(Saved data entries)

________________________

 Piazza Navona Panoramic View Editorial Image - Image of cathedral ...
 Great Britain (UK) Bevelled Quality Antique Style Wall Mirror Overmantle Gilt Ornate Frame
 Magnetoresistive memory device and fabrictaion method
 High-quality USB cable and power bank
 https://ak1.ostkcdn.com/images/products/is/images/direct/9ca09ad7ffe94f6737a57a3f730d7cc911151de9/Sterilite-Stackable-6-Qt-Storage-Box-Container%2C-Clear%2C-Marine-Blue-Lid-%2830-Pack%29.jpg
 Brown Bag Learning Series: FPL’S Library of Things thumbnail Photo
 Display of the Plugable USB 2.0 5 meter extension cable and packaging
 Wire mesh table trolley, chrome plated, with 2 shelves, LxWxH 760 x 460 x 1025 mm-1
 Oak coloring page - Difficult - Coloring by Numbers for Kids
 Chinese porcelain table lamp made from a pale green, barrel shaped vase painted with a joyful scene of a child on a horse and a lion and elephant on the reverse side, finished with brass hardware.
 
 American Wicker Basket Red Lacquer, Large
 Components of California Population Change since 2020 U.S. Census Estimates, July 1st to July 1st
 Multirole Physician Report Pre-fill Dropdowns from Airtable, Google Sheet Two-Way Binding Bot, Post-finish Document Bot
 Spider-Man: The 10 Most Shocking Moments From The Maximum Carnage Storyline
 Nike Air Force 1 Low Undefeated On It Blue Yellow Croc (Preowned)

________________________

From the data above, copy every line where "Blue" appears.

 https://ak1.ostkcdn.com/images/products/is/images/direct/9ca09ad7ffe94f6737a57a3f730d7cc911151de9/Sterilite-Stackable-6-Qt-Storage-Box-Container%2C-Clear%2C-Marine-Blue-Lid-%2830-Pack%29.jpg
 Nike Air Force 1 Low Undefeated On It Blue Yellow Croc (Preowned)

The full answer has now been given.